The problem was we've tightened up the type system, but match was desugaring some tests to:

(integer?= temp-var 42)

If temp-var was not of the correct type then this would now throw an assertion! The test cases never tried this.

The solution was to change this to:

(and (integer? temp-var) (integer=? temp-var 42))

This works correctly, but if we have a lot of literal integers that short-circuit and adds an awful lot of calls to integer?.

Optimizing the revsied match

The first attempt at this looked good. The logic was to write a new pass that tracked the type of any variable and then use this to eliminate redundant type checks if they were spotted.

Took about 30 minutes to build and looked good on the initial test but then failed dismally in practice. The problem was the type analysis was being reset too often and was thus not even really useful in most instances of the match problem. It only worked for trivial versions of the problem.

The interesting thing, however, was the new code was generating an and and this was going downstream to the next layers. This in turn meant each successive layer was doing special analysis for the and and or special forms, but then it hit me that this was silly! and and or should be desugared into nested if operations!

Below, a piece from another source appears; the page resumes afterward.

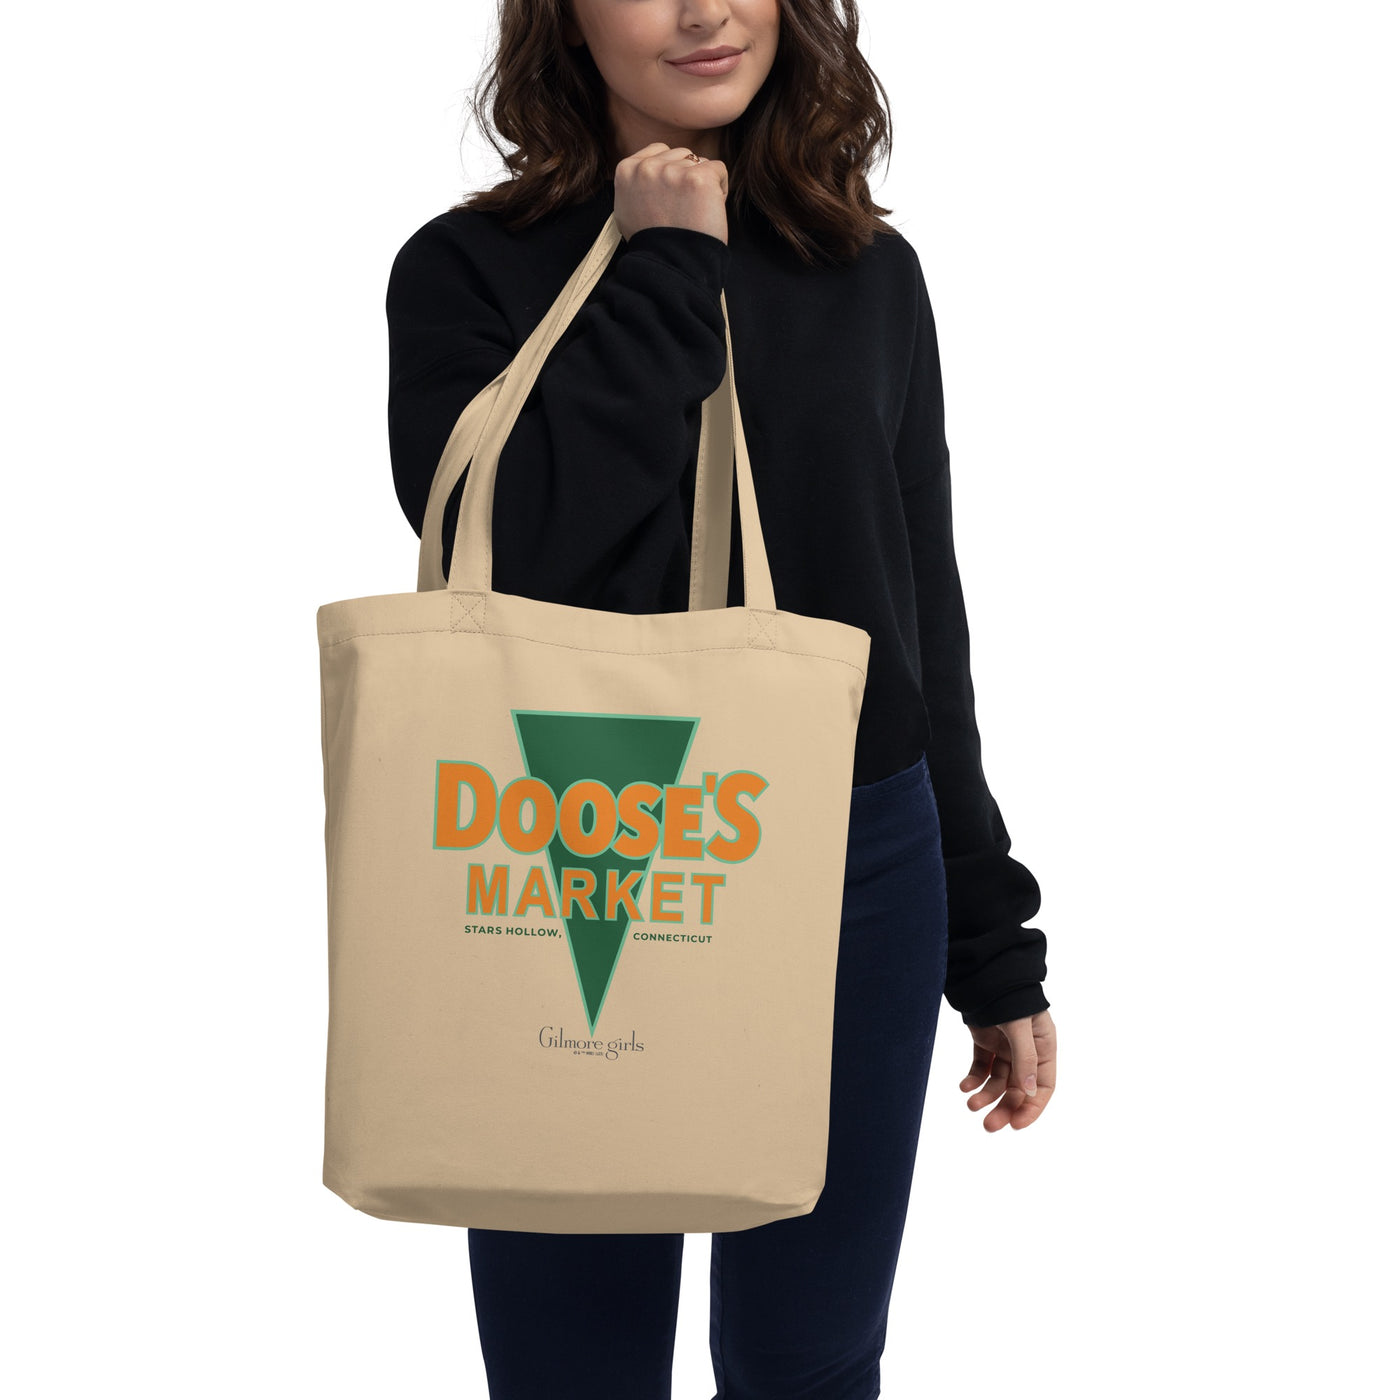 Gilmore Girls Doose's Market Tote Bag

This removed a lot of code, but still didn't do anything for the match problem. It did, however, demonstrate just how many special forms are not actually required in the language - they're just there to make it easier to write!

The solution (after a few hours of trying things out) was to make the desugaring process do things better! Rather than emit rubbish and try to fix it later, the key was to group match patterns that shared a type predicate, share the type check between all of them, and then do the value check. Sort of obvious in hindsight!

Minor optimizations

Reading the bytecode I notice a few places where there were obvious opportunities to improve things. The LOAD_TRUE and LOAD_FALSE opcodes had only been used in match desugaring, but they should have been used any time we needed a boolean constant.

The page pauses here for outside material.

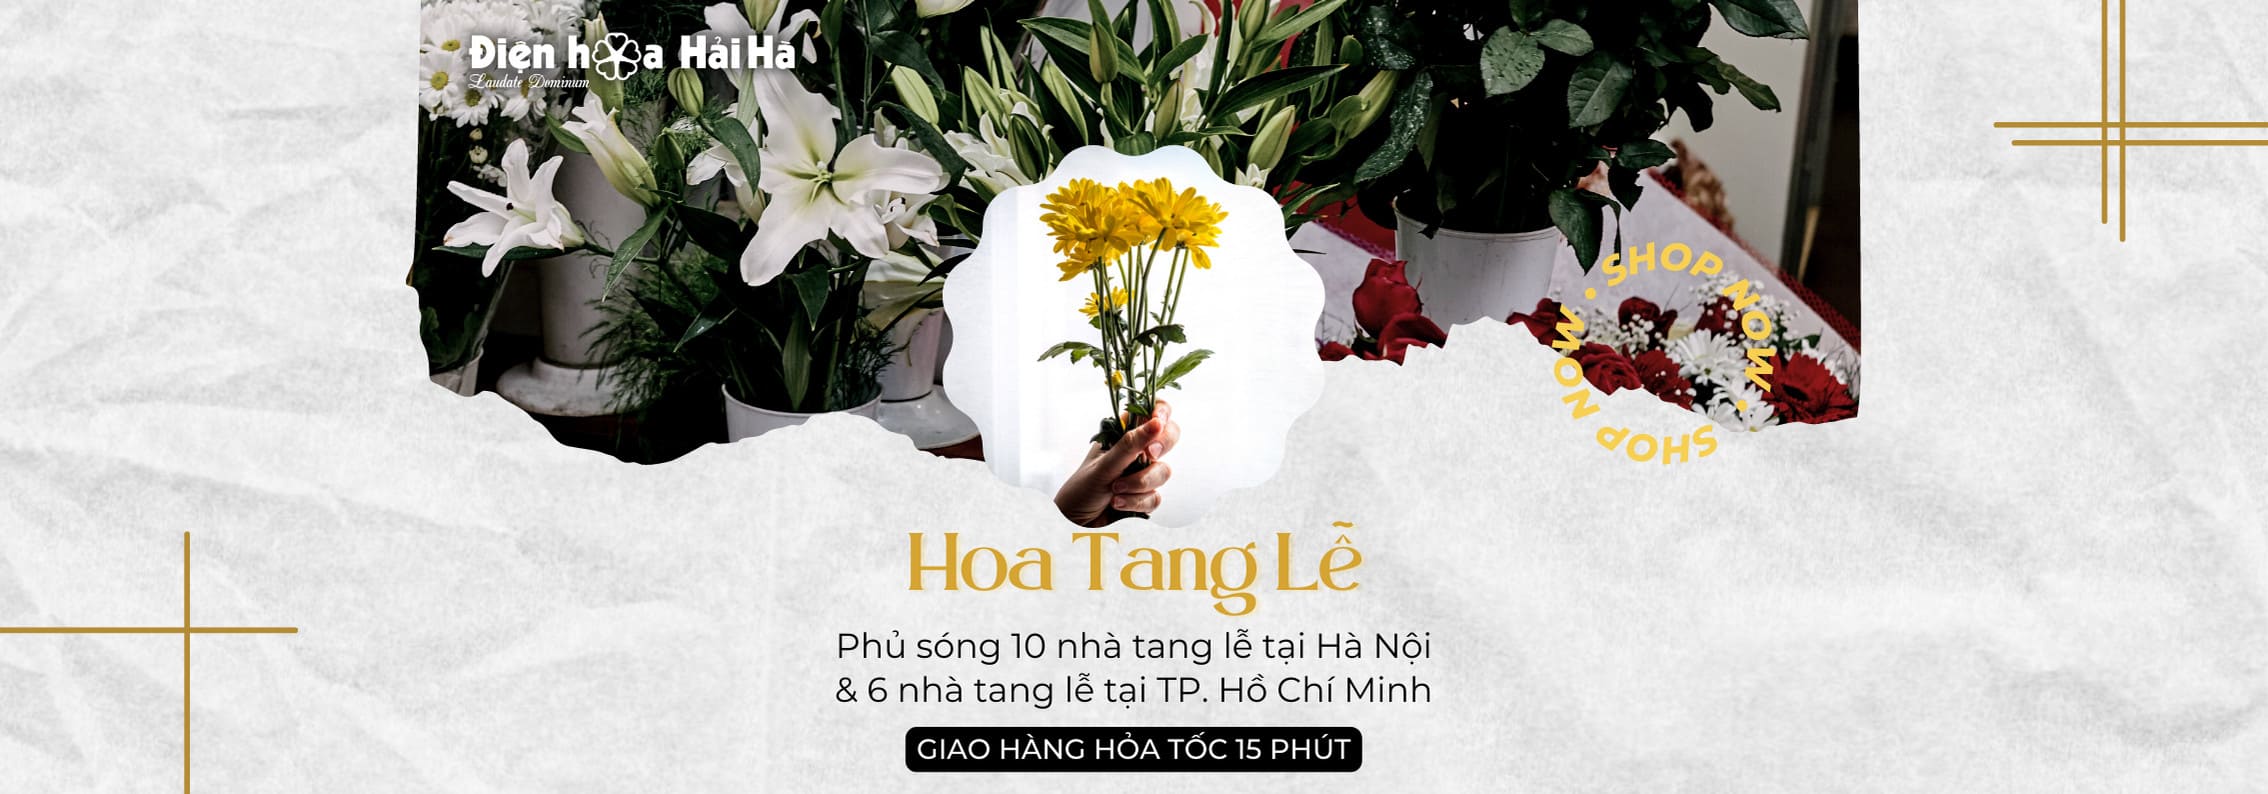 Banner hoa tang lễ dienhoahaiha.com

Similarly (if (boolean-not <foo>) (then) (else)) really needs to be (if (<foo>) (else) (then)).

IR optimizations

Menai's compiler uses a tree IR. I have been debating an SSA form, but Claude has me pretty convinced this isn't going to be a win right now and that Menai's functional nature makes SSA much less of an advantage - it might even make some things harder. This will change if we get to JIT compilation, but that's a way off yet, and we can always lower from the tree IR to SSA to make that work.

The optimizers we've added today are a single-use inliner that will inline let bindings with exactly one use, and a copy propagator that inlines trivially-copyable let bindings.

Neither of these is a huge win, but both win in a number of interesting places.

More analysis

What has also been interesting is to see that Claude suggested several other optimization passes but so far we've not seen the evidence to support implementing them.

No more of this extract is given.